Dernière mise à jour : 12 juin 2022




« Et à part écrire, vous faites quoi dans la vie ? »

On le sait tous « les poètes, ça ne fiche pas grand-chose ». Ils vous racontent les heures qu’ils passent à tenter de trouver la rime, à ponctuer la bonne virgule qui accompagnerait la bourrasque de vent. Ils vous narrent qu’ils cherchent le mot juste, qu’ils écrivent au gré de leurs humeurs, de leurs ressentiments, de leurs vagabondages urbains, villageois, qu'ils travaillent dur, d’arrache-pied ou vers. Ils passe leur vie à réclamer, déclamer, exprimer, s’épandre, copier, recopier, écrire, gommer, raturer, recommencer, se croire au-dessus de la mélasse des écrivains notoires. A part cela, un poète ça ne fout rien. Il soupire, gribouille, jette du papier par terre, le ramasse pour en refaire une boulette, exulte sa rage.


Et le cas échéant, un poète ça poétise. Enfin je crois. En tout cas, ça fait vibrer, ça enfle, ça sert à ouvrir la boite à esprit, à entamer d’un coup de canif nos habitudes.


Bref un poète, ça sert à rien et ça sert à tout.


« L’art est simplement la preuve d’une vie pleinement vécu.»

Sophie G Lucas est poète. Une poétesse de l’ordinaire, du quotidien, de ces à-côtés que l’on ne voit pas, ne cite pas, de ces minuscules grains de poussière qui enrayent les machines, emprisonnent les mots pour mieux les relevés, les télescoper, leur rendre leurs libertés. Elle est témoin de son temps, du temps qui passe, ramasse, balaye, mord, égaie.

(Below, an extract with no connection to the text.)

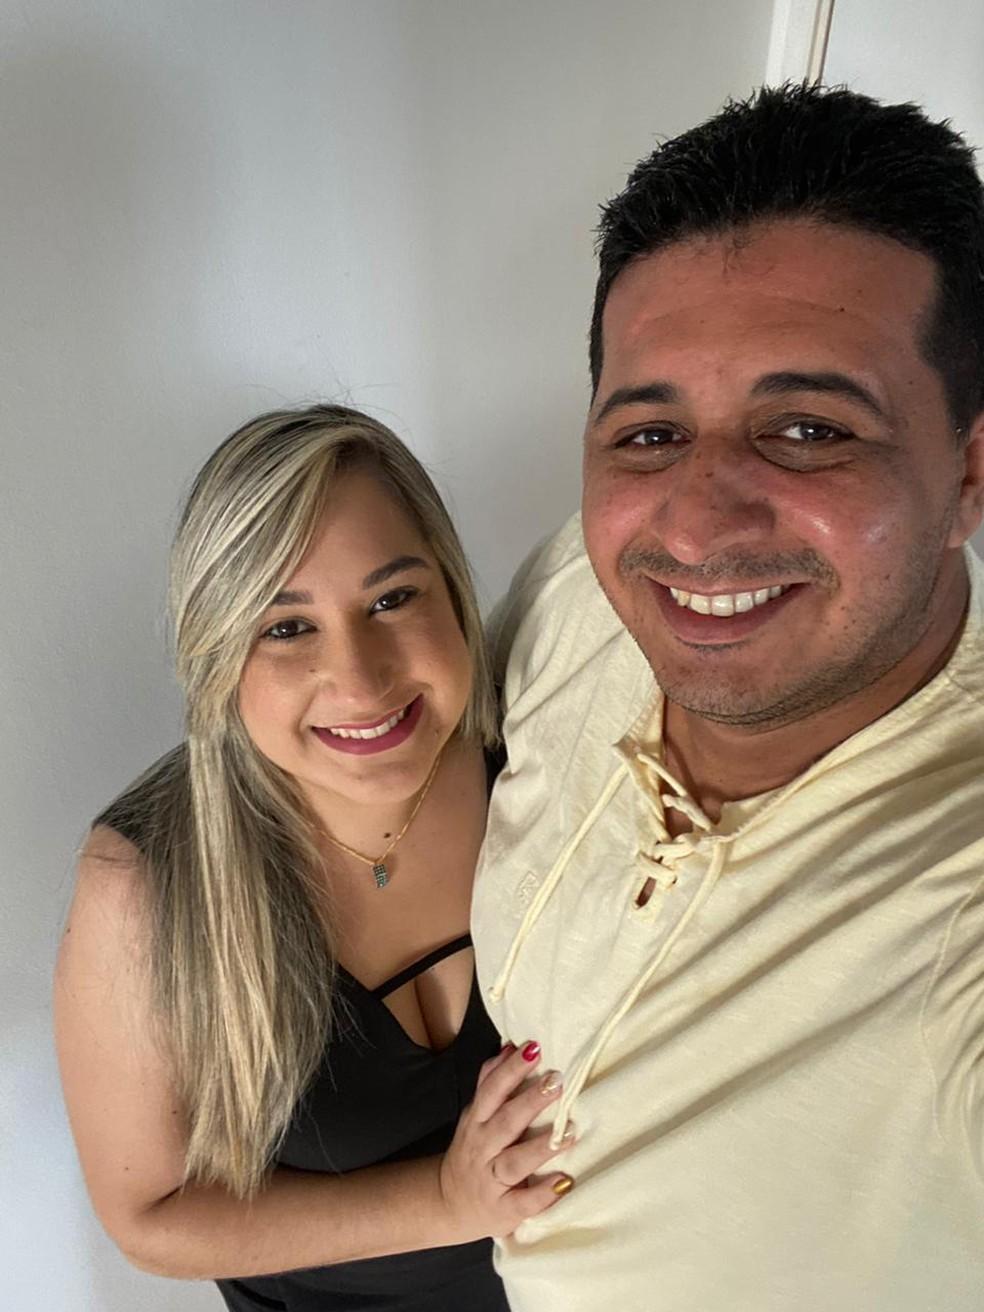 Kiara e Franklin estão trabalhando juntos para realizarem o sonho de ter o próprio negócio — Foto: Kiara Machado/Arquivo pessoal

On se perd dans des lieux publics, des manifestations, des chapelles abandonnées, derrière de lourdes portes de centres pénitenciers. Elle trébuche, se fait mordre, entrevoit dans un filet les feuilles d’un carnet Moleskine signé Carver, Brautignan ou Bukowski. Elle repart vers le Sud après avoir conquis le Nord, l’Ouest, l’Est. Elle sillonne.


« Elle nous demande de parler de soi, de son écriture, de la poésie d’hier et d’aujourd’hui, d’ici et d’ailleurs, de l’avenir de la poésie, de si on pense que la poésie peut sauver le monde ».

La poésie, pour Sophie G. Lucas, fait tenir, sentir les expériences. Une poète qu’on assassine comme on assassine ceux qui qui poncent, qui rognent dans les ateliers d’écritures, ceux sont inventifs, créatifs, qui ne renoncent pas. Parce que lorsqu’on est poète, on est « poète tout le temps. » , même si le public ne répond pas présent, même si la poésie a cette image vieillotte, qu’elle désespère les jeunes, refroidit les plus vieux. La poésie n’est pas une performance.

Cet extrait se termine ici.